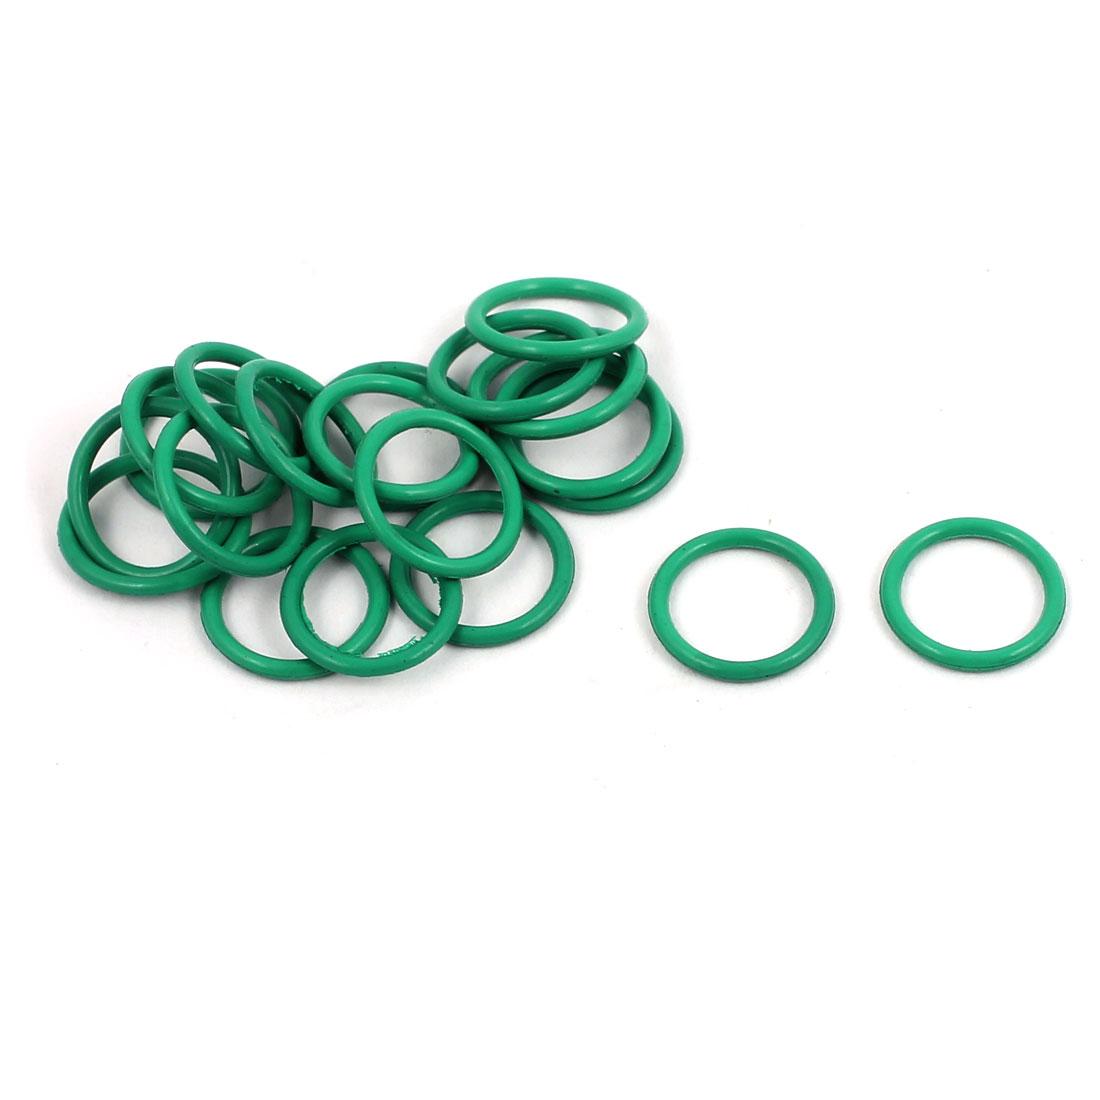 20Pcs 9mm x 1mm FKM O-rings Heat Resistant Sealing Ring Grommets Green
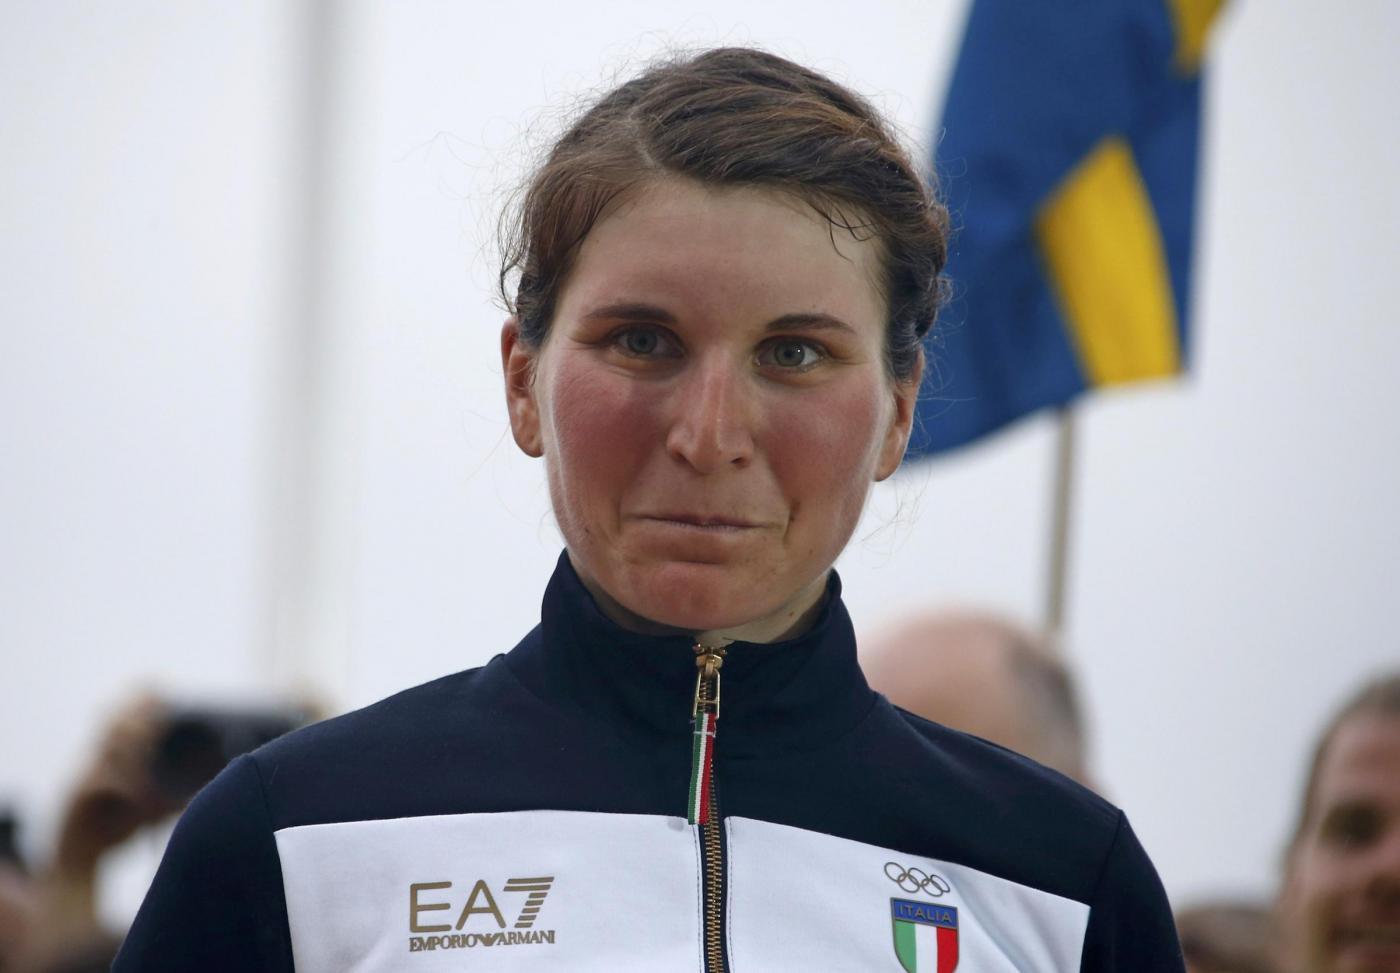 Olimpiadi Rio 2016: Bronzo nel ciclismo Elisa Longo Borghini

---

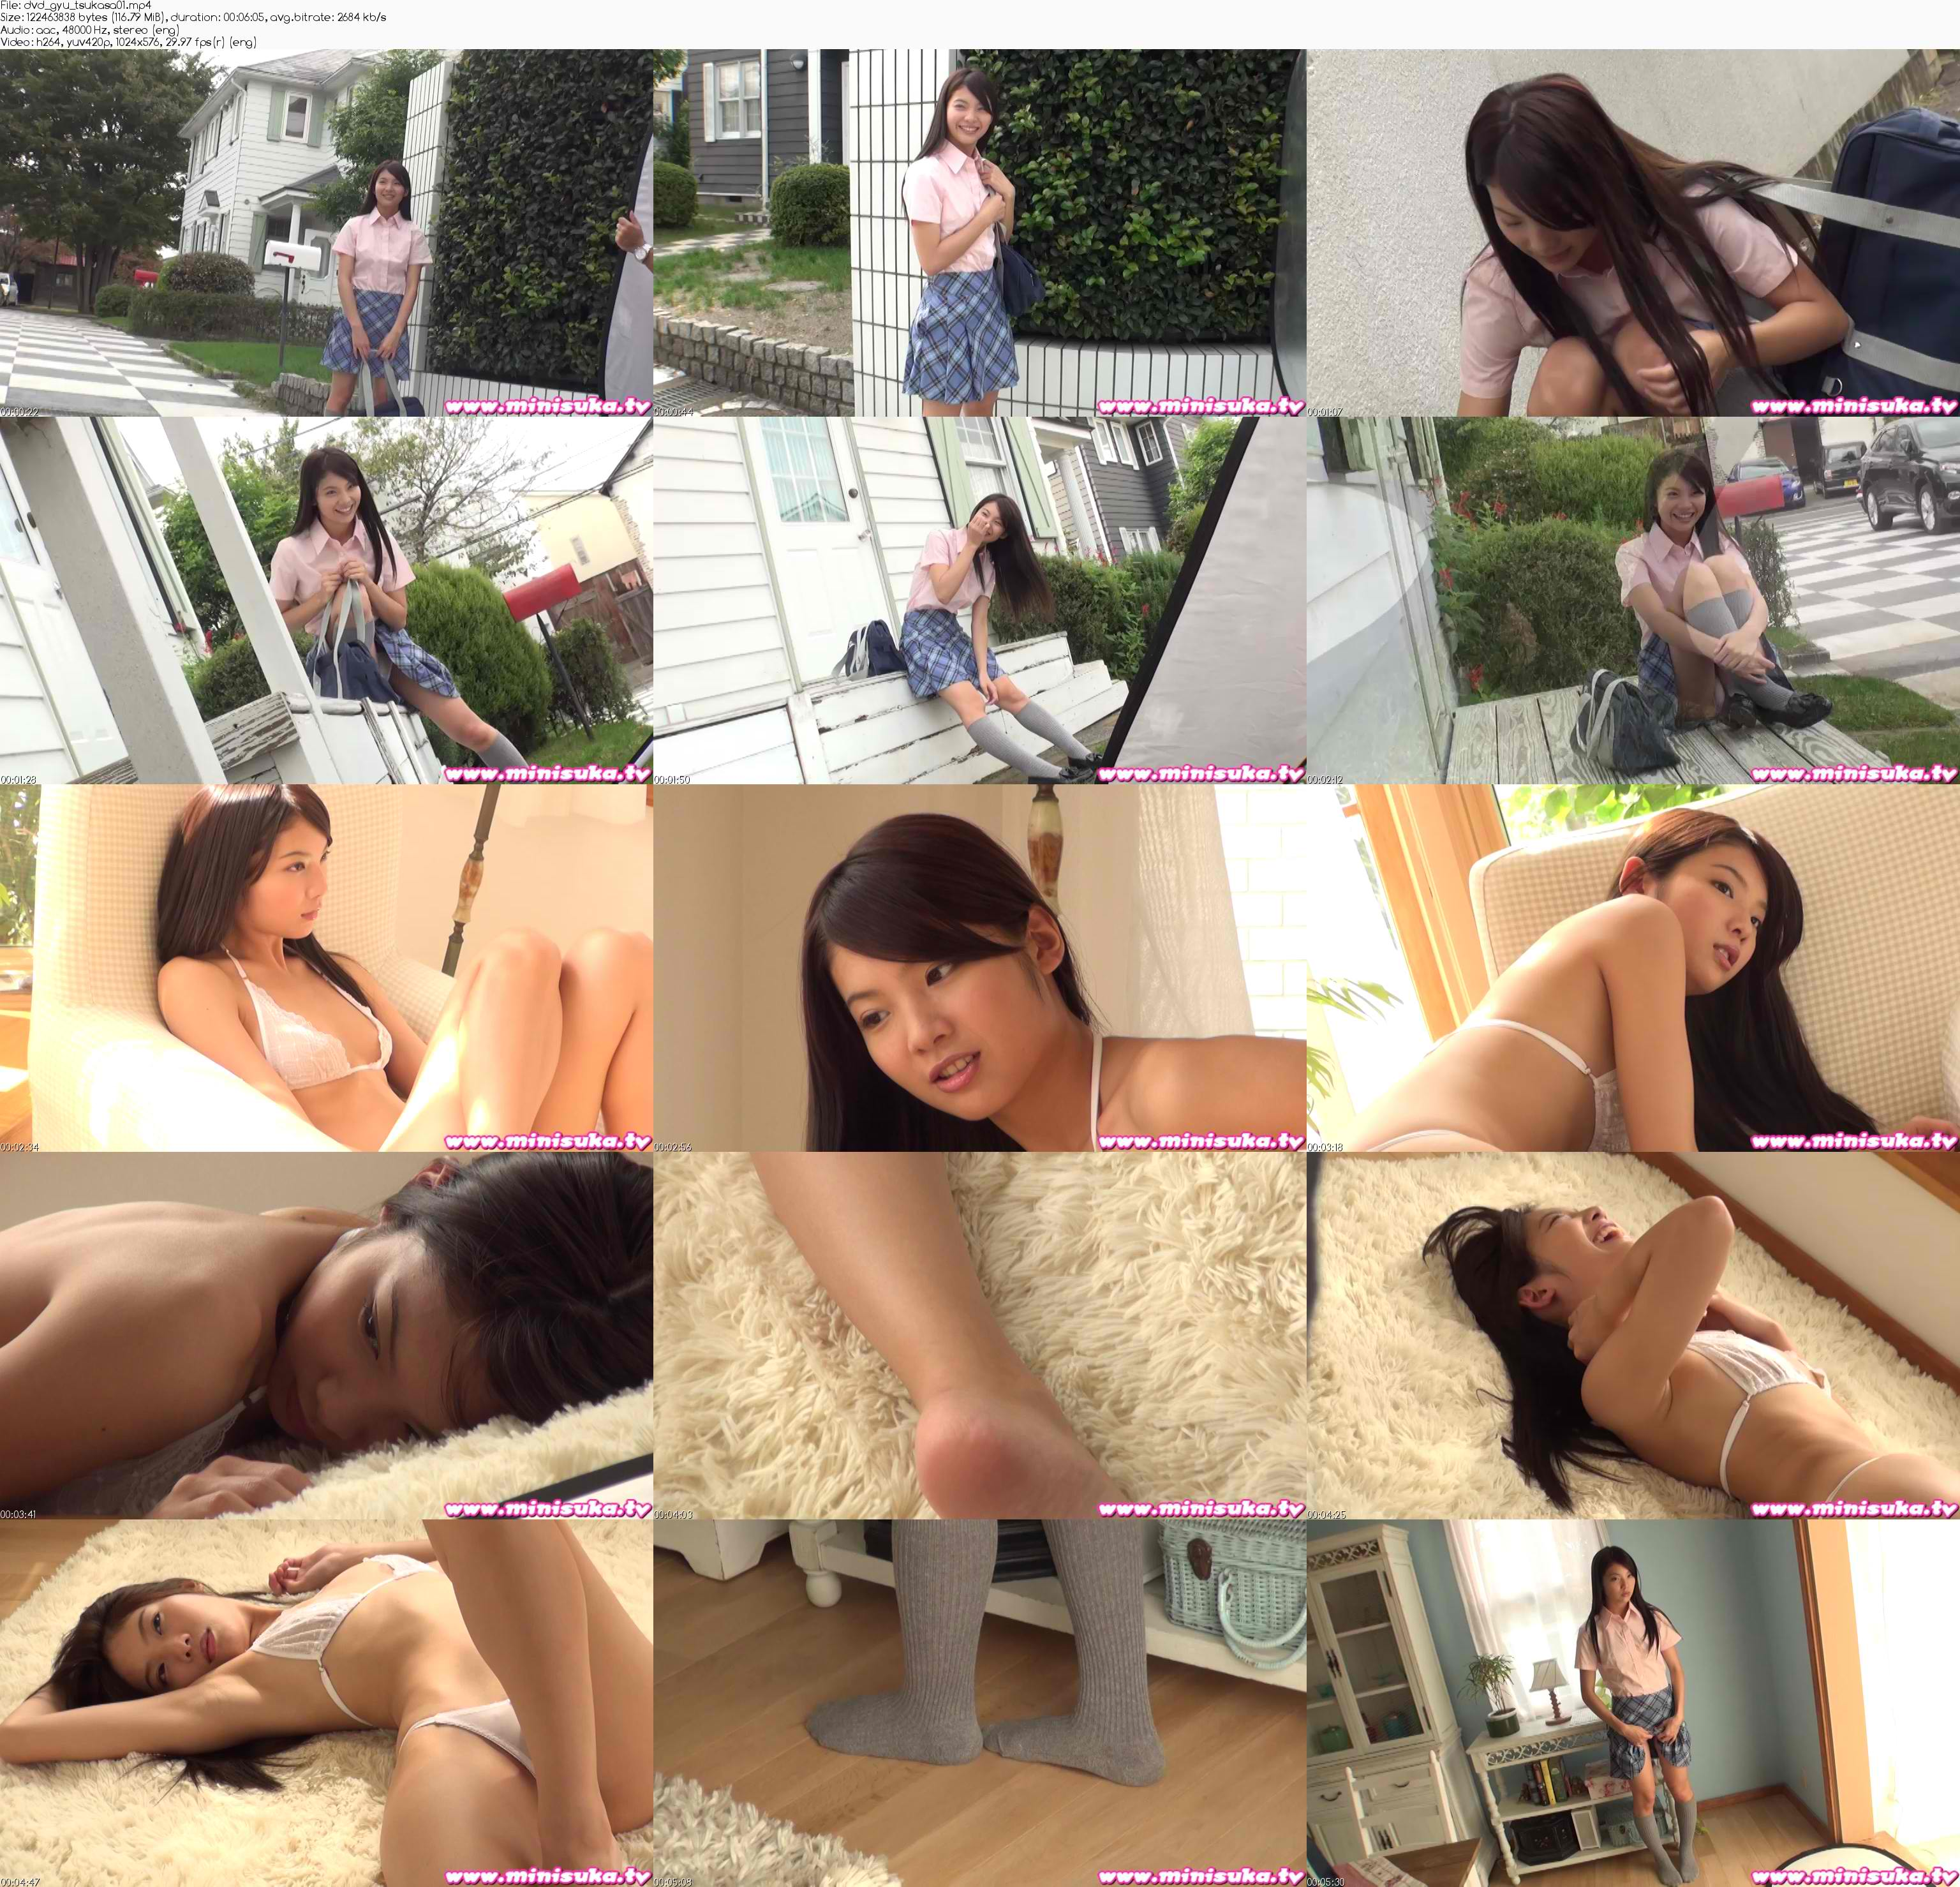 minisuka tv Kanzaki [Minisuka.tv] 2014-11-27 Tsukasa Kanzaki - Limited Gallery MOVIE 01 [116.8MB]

---

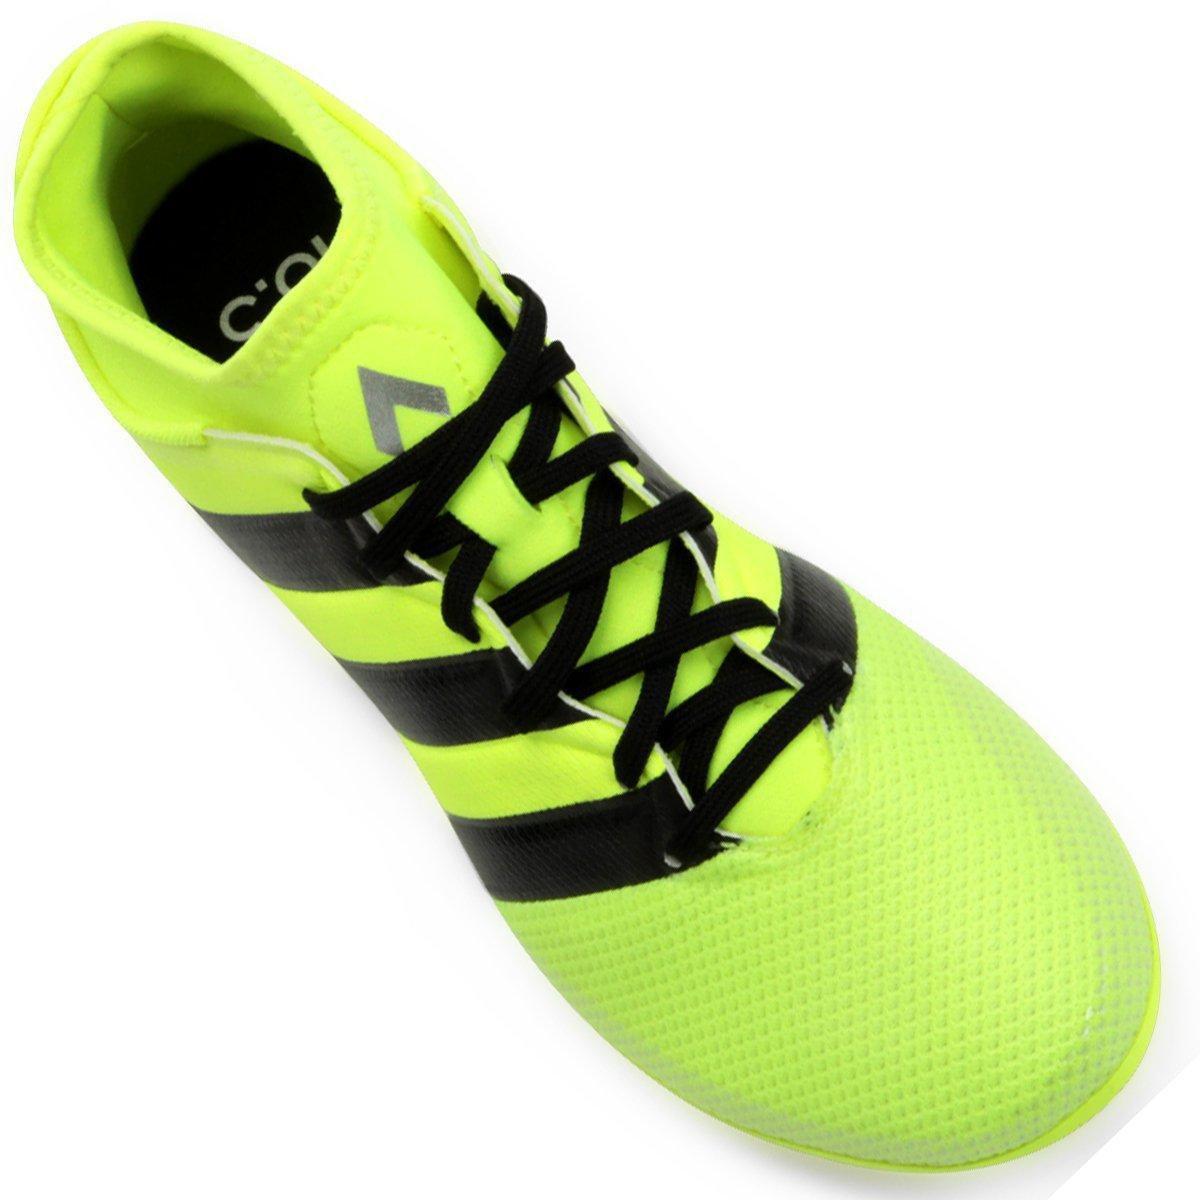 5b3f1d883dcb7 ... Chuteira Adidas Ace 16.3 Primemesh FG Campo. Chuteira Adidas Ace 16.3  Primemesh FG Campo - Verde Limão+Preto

---

▸ **PROBLEM TO SOLVE**:
From the data above, retype only the lines starting with the line with "20Pcs 9mm x" and going on through the line with "Olimpiadi Rio 2016: Bronzo", exactly, leaving out the pictures.

▸ **FINAL ANSWER**:
 20Pcs 9mm x 1mm FKM O-rings Heat Resistant Sealing Ring Grommets Green
 Olimpiadi Rio 2016: Bronzo nel ciclismo Elisa Longo Borghini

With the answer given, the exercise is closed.